Hi Grant,
Thanks for the reply. I saw that I had a problem in the code that prints
these (very stupid mistake)
int docId = hits[j].doc;
Document curDoc = searcher.doc(docId);
and then to the explain method, I gave j instead of docId.
But I have a questino regarding the fieldNorm -
When I have 60000 documents like these in the index, I run this query, and
the results is that the doc that I look for is in the third place and not in
the first place.
So, I looked for a word TTD that for it I create a boolean query:
For finlin, 6621468 * 6, 5265266 * 12
String word = "TTD";
String worlds = "6621468";
DoubleMap wordsWorldsFreqMap = new DoubleMap();
wordsWorldsFreqMap.insert("TTD", 6621468, 3.0);
BooleanQuery bq = new BooleanQuery();
String[] splitWorlds = worlds.split(" ");
// loop on the worlds and for every world, take the boost from the map
for(int i = 0; i < splitWorlds.length; i++)
{
double freq =
wordsWorldsFreqMap.getMap().get(word).get(Long.parseLong(splitWorlds[i]));
BoostingTermQuery tq = new BoostingTermQuery(new Term(fieldName,
splitWorlds[i]));
tq.setBoost((float) freq);
bq.add(tq, BooleanClause.Occur.SHOULD);
}
IndexSearcher searcher = new IndexSearcher("WordIndex");
//wordIndexTry");
searcher.setSimilarity(new WordsSimilarity());
TopDocCollector collector = new TopDocCollector(30);
(The index created using the code I sent in previous emails. It gave me the
desired results when I put a small amount of document (words) in the index)

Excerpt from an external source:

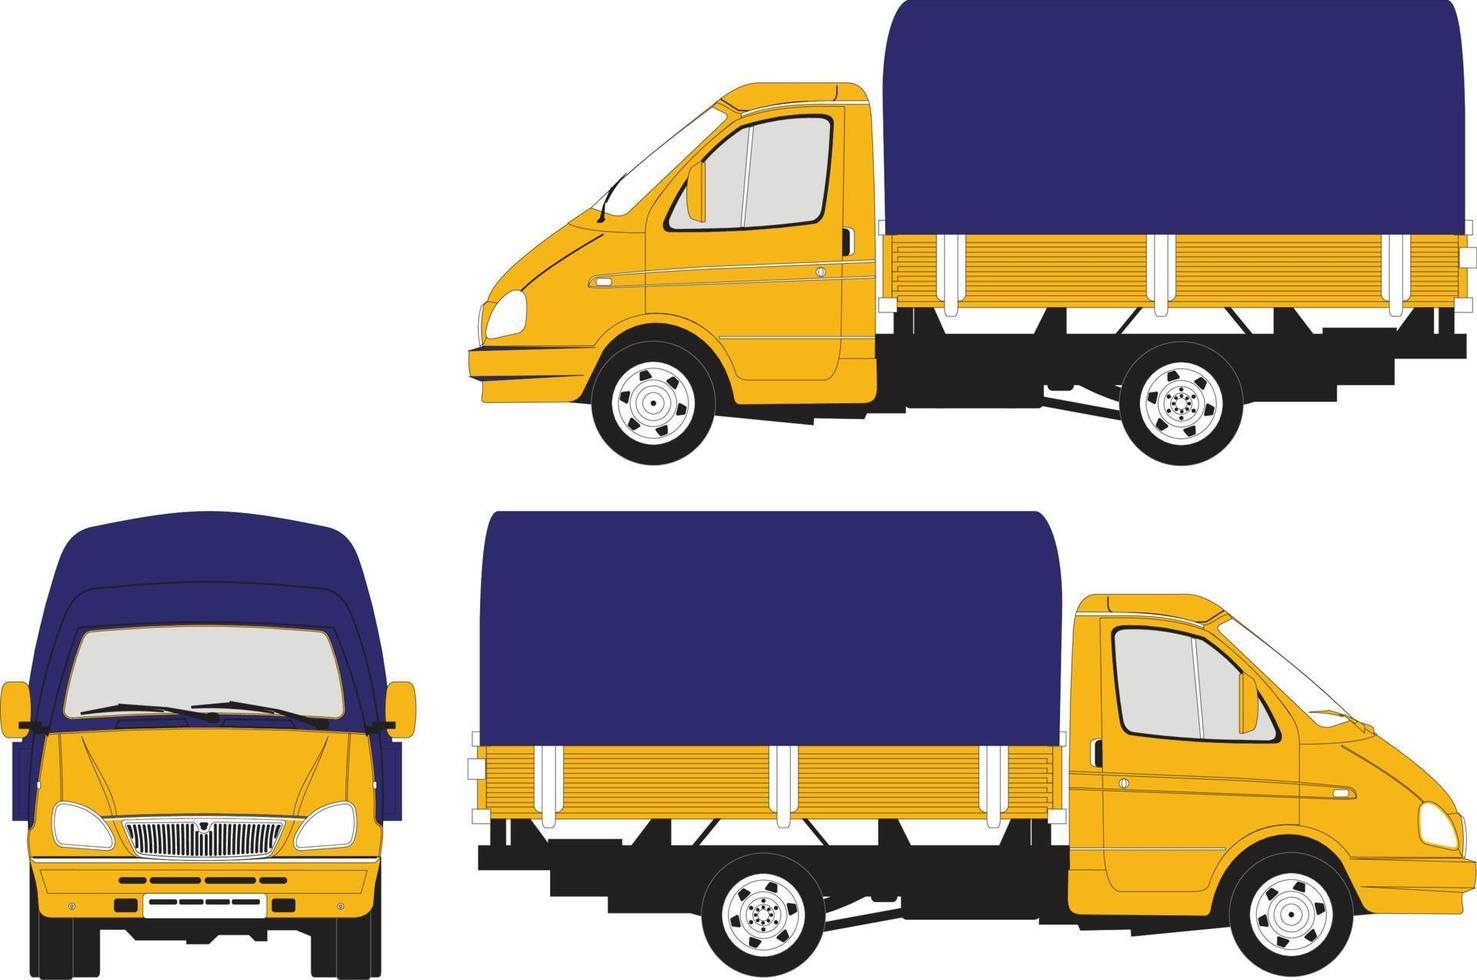 voiture de livraison. véhicule utilitaire jaune isolé sur fond blanc.camion van. illustration vectorielle dans un style plat pour votre entreprise. vecteur
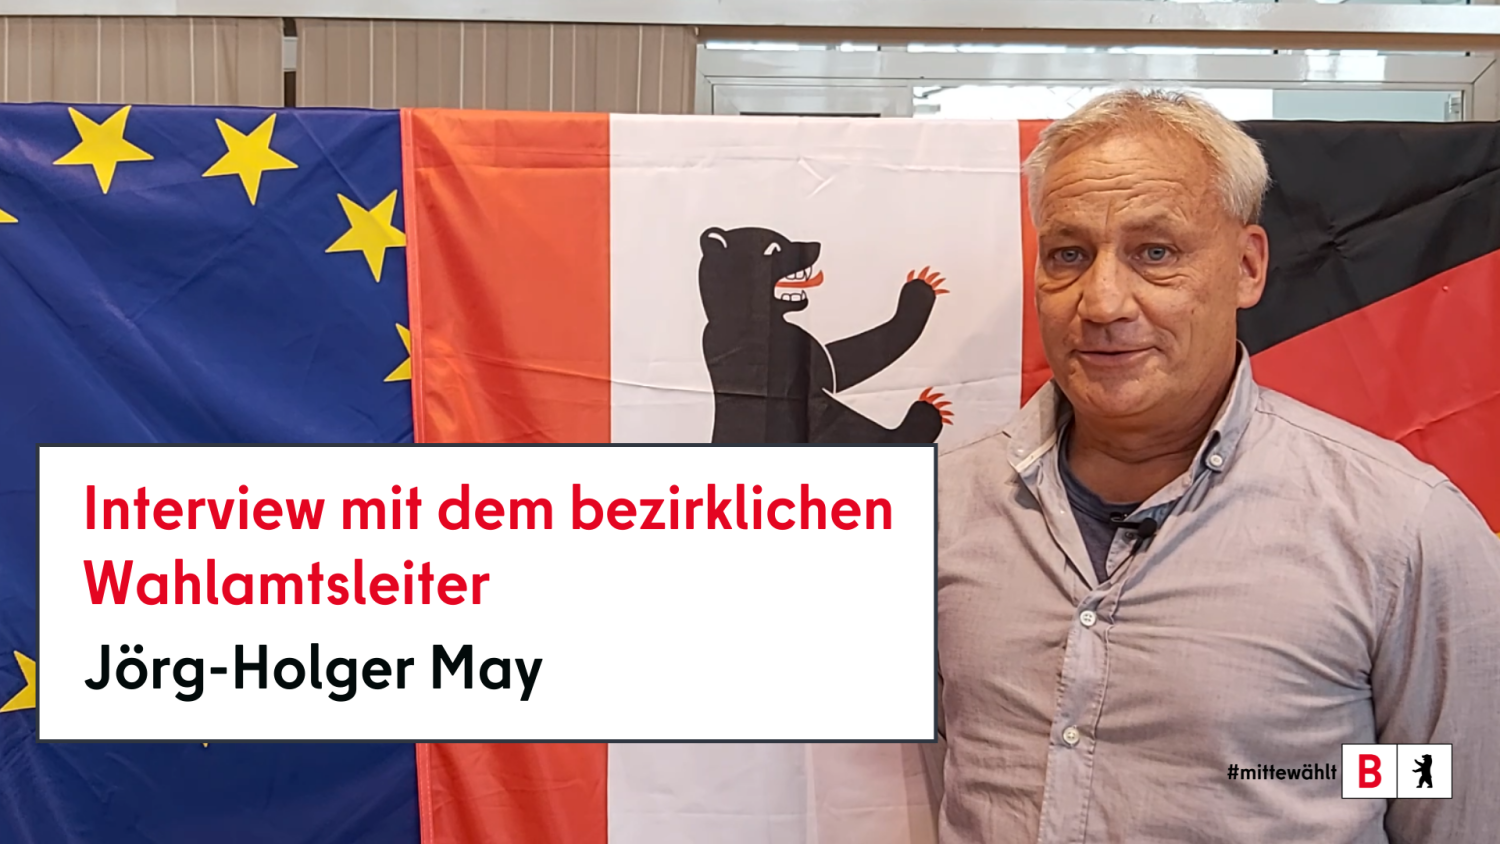 Foto vom Wahlamtsleiter Herr Jörg-Holger May zum Interview im Wahlamt

The output is the following:
*finlin, score: 19.366615*
19.366615 = (MATCH) fieldWeight(worlds:6621468^3.0 in 35433), product of:
4.2426405 = (MATCH) btq, product of:
0.70710677 = tf(phraseFreq=0.5)
6.0 = scorePayload(...)
7.3036084 = idf(worlds: 6621468=110)
0.625 = fieldNorm(field=worlds, doc=35433)
*TTD, score: 15.493294*
15.493293 = (MATCH) fieldWeight(worlds:6621468^3.0 in 20), product of:
2.1213202 = (MATCH) btq, product of:
0.70710677 = tf(phraseFreq=0.5)
3.0 = scorePayload(...)
7.3036084 = idf(worlds: 6621468=110)
1.0 = fieldNorm(field=worlds, doc=20)
Can anyone explain me the highlighted parts of the score?
I read all the explanations in the api and read a lot of threads about the
scoring, but didn't really understand these factors.
Why in finlin, we have the doc 35433 and in TTD, its 20?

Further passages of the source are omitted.